Diversity and inclusion: back to square

13 March 2023

Diversiteit en inclusie: terug naar af

U.S. companies are cutting spending on diversity and inclusion, Financial Times reported this week. "woke capitalism" is also coming under increasing fire from conservative politicians in the run-up to next year's presidential election. Many companies, including ours, will be faced with a choice: are inclusion and diversity 'nice to have', in better times, or 'must have' beacons in an uncertain future?

​In recent years, large American companies and their brands in particular have increasingly emerged as social advocates for more diversity and inclusion. And that both within their own company walls, as well as in the relationship with their customers, and even in the wider society. A number of CEOs even turned out to be real activists who stood on the barricades for equal opportunities for minorities. Because what is good for society would also be good for their business, and vice versa. The company's stakeholders were given priority over the shareholders. It radically broke with the mantra of the economist Milton Friedman who had posited half a century ago that the most important social contribution of a company was to make a profit for its shareholders. Social movements such as #metoo or Black Lives Matter enjoyed widespread support in circles of enlightened entrepreneurs. The favourable economic climate five years ago gave them prosperity.

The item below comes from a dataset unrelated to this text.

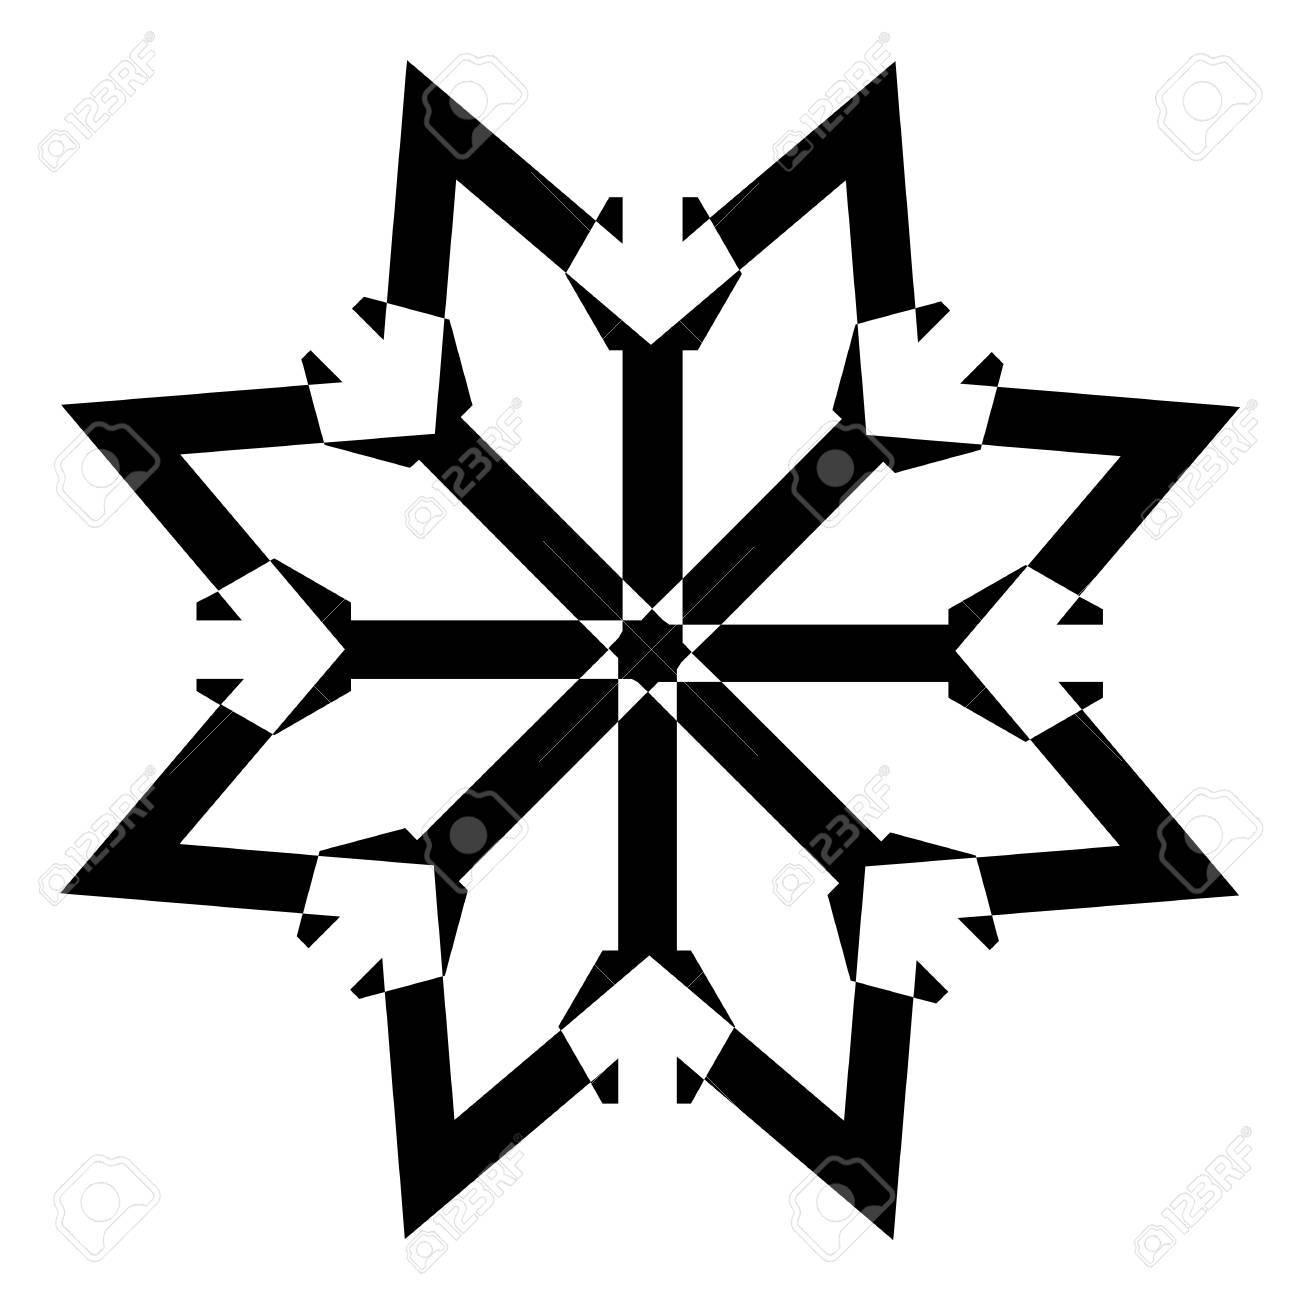 Snowflake Star Stock Vector - 16831741
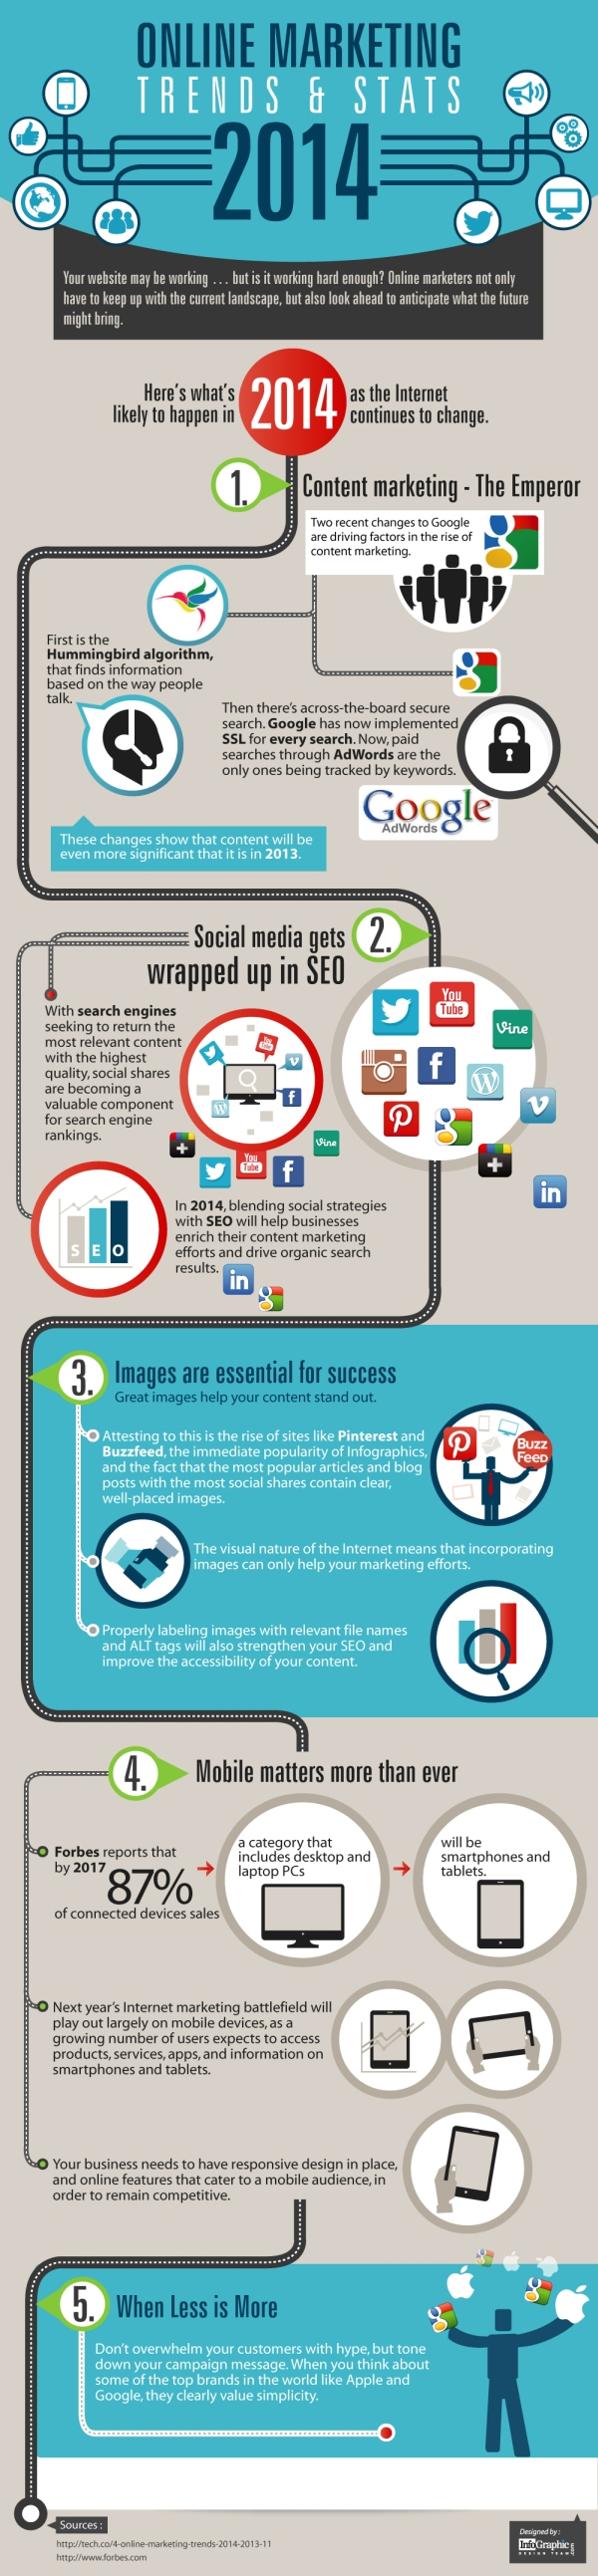 Online Marketing Trends for 2014

Some 271 U.S. companies are said to have invested a whopping $67 billion in the fight against racism in the wake of the murder of George Floyd. Employees were given paid leave for "Juneteenth," the anniversary of the end of slavery in the U.S. Companies hired Chief Diversity and inclusion officers, becoming one of the most important positions in companies. And in the boardrooms of these enterprises, the number of people of color rose from 32 percent in 2020 to 35 percent in 2022, according to a Harvard Law School study.

But perhaps the proverbial pendulum is now swinging back in the other direction. In particular, the economic crisis obliges large American companies to look again at the 'bottom line'. Since last year, more and more questions have been asked about the impact of so many diversity programs and their costs. In the meantime, these internal programmes are being significantly cut. And that especially in the technology sector where companies such as Twitter and Meta have allowed many members of the inclusion team to leave.

What's even more troubling: female and Latino employees have been hit hardest in recent months in rounds of layoffs at major tech companies. Women represent 39 percent of employees in the sector, but 46 percent of the layoffs were of the female sex. Two former Twitter employees went to court in December last year to denounce this unequal treatment.

Many companies and organisations, including ours, will have to express their opinions in the coming months and years when it comes to diversity and inclusion under pressure from economic and social headwinds. Then it will become clear whether diversity and inclusion were 'nice to have' in better times, or whether they are principled values, translated into daily practice and manners, which cannot be questioned even when it storms outside.